# What is the novak havoc?



## Hudson Hornet ! (Nov 21, 2007)

I keep hearing about this new speedo from novak, the havoc. Does anyone have any info on this? Is this a smaller speedo than we are used to?


----------



## DAVON (Aug 18, 2005)

Hudson Hornet ! said:


> I keep hearing about this new speedo from novak, the havoc. Does anyone have any info on this? Is this a smaller speedo than we are used to?

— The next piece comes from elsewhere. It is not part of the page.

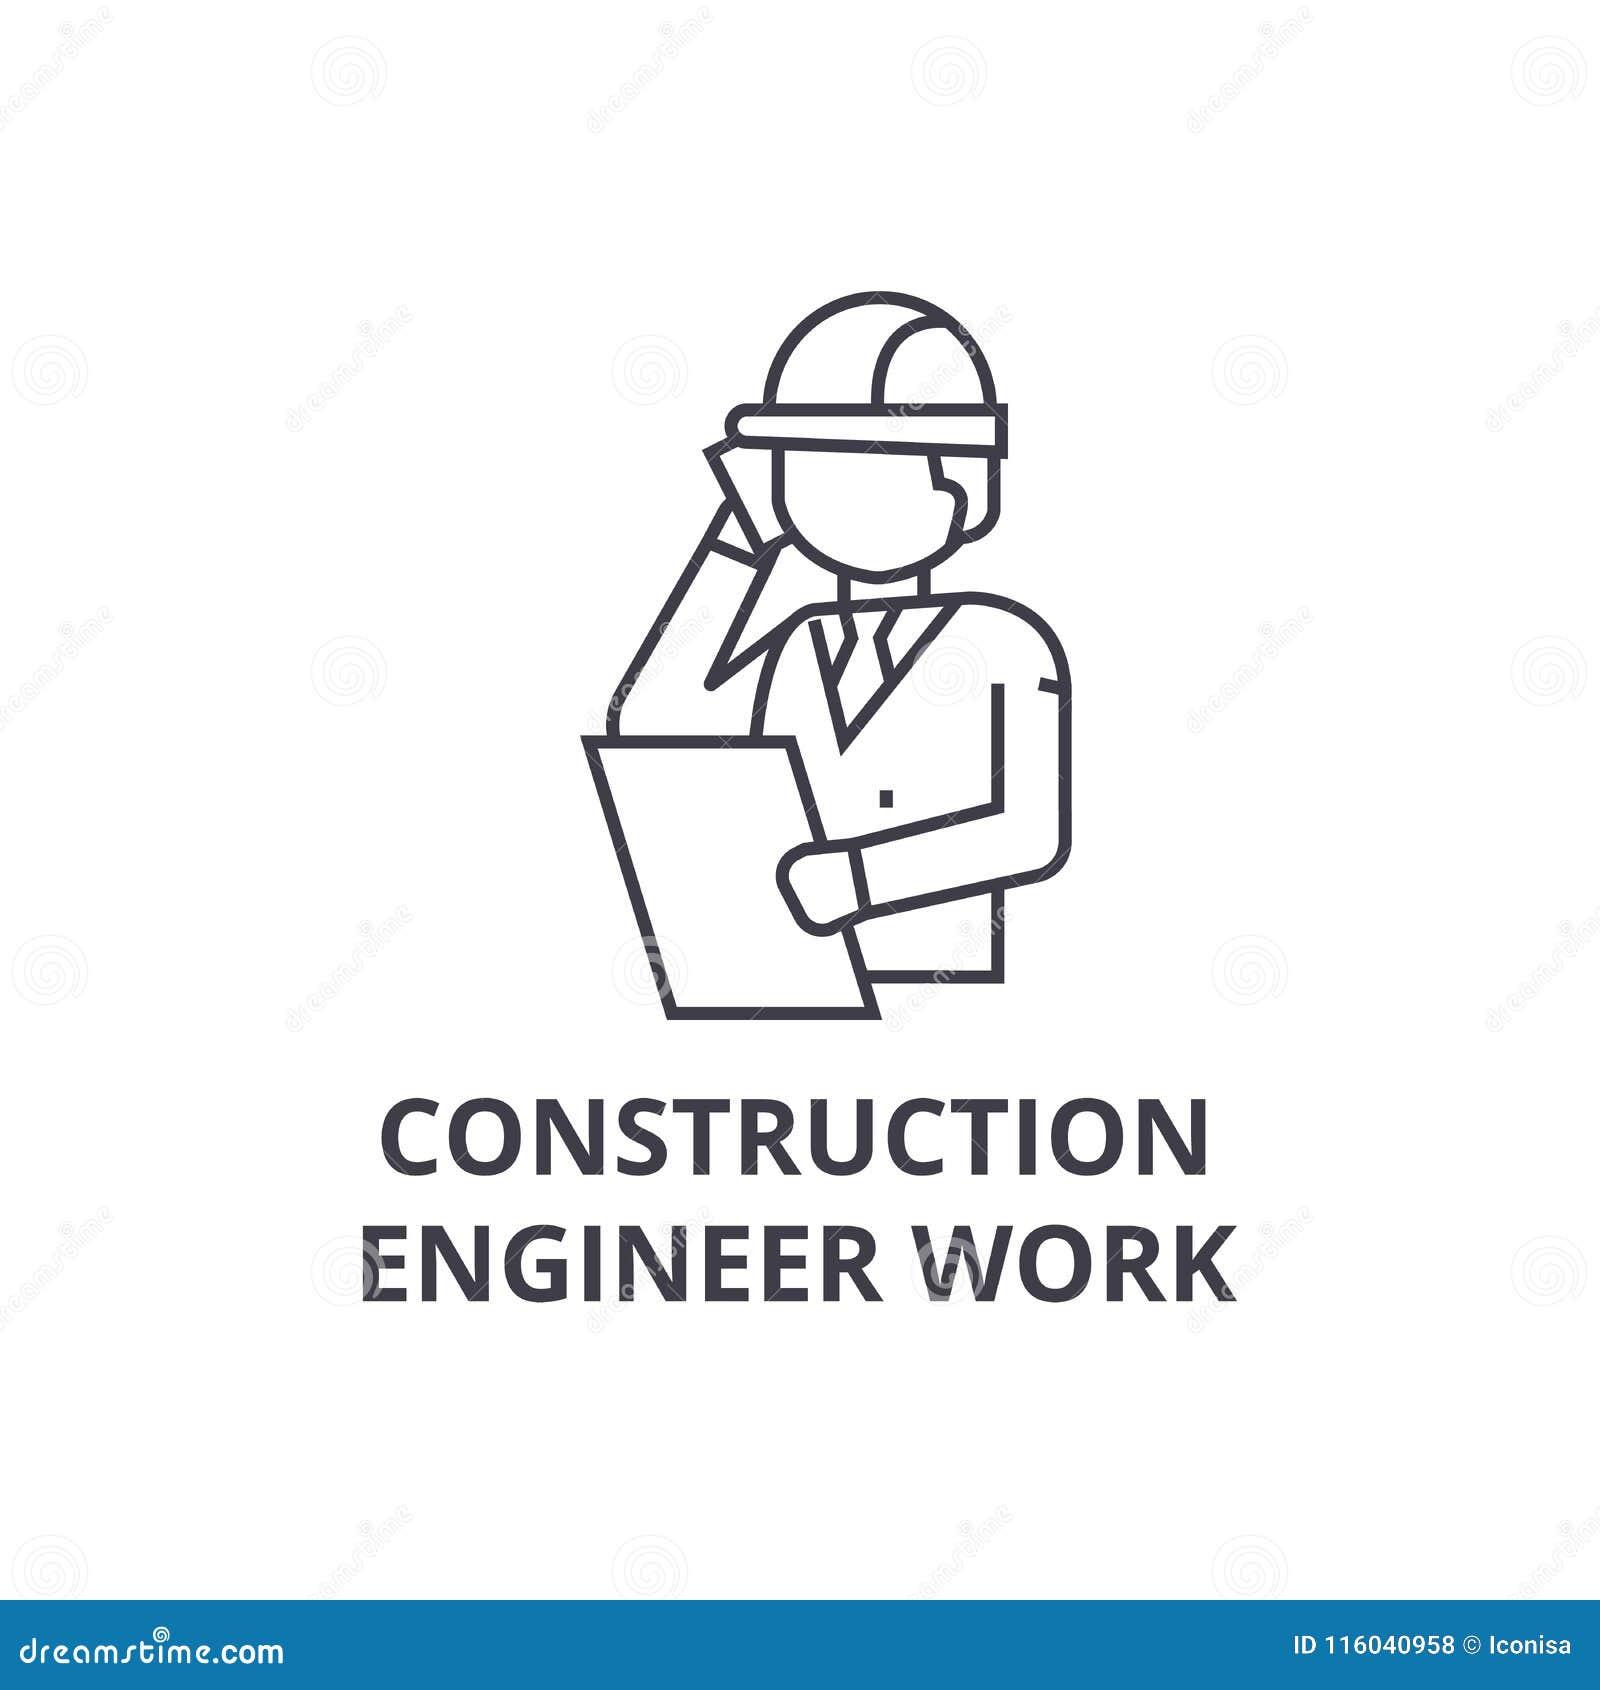 Construction engineer talk vector line icon, sign, illustration on background, editable strokes

HERE'S ALL THE INFO ON IT...:woohoo:

http://www.teamnovak.com/products/brushless/havoc_sport/index.html


----------



## Robertw321 (Apr 26, 2002)

DAVON said:


> HERE'S ALL THE INFO ON IT...:woohoo:
> 
> http://www.teamnovak.com/products/brushless/havoc_sport/index.html


 
Looking at the size and specs, it's just a rebadged XBR.


----------



## 420 Tech R/C (Sep 15, 2006)

Yep , just a rebadged XBR. Probally has some software difference or something, but hardware wise It's an XBR


----------



## Donnie_99 (Sep 25, 2001)

yea u think novak would at least try to build a smaller brushless only speedo


----------



## NovakTwo (Feb 8, 2006)

Donnie_99 said:


> yea u think novak would at least try to build a smaller brushless only speedo


 We did. It's called the Mongoose....

Some racers are using it with the 17.5 motor, 4 cell, in 12th scale cars.


----------



## Hudson Hornet ! (Nov 21, 2007)

Novak two, what will the havoc be priced at?


----------



## NovakTwo (Feb 8, 2006)

Hudson Hornet ! said:


> Novak two, what will the havoc be priced at?


Street price is $139.99.


----------



## Hudson Hornet ! (Nov 21, 2007)

Is that for the esc and a motor, or just the esc. Also, what are some of the differences between the havoc and the xbr? I am in the market for a system, and I will definetly want a Novak, but I am having trouble deciding. Thanks in advance for the answers.


----------



## NovakTwo (Feb 8, 2006)

Hudson Hornet ! said:


> Is that for the esc and a motor, or just the esc. Also, what are some of the differences between the havoc and the xbr? I am in the market for a system, and I will definetly want a Novak, but I am having trouble deciding. Thanks in advance for the answers.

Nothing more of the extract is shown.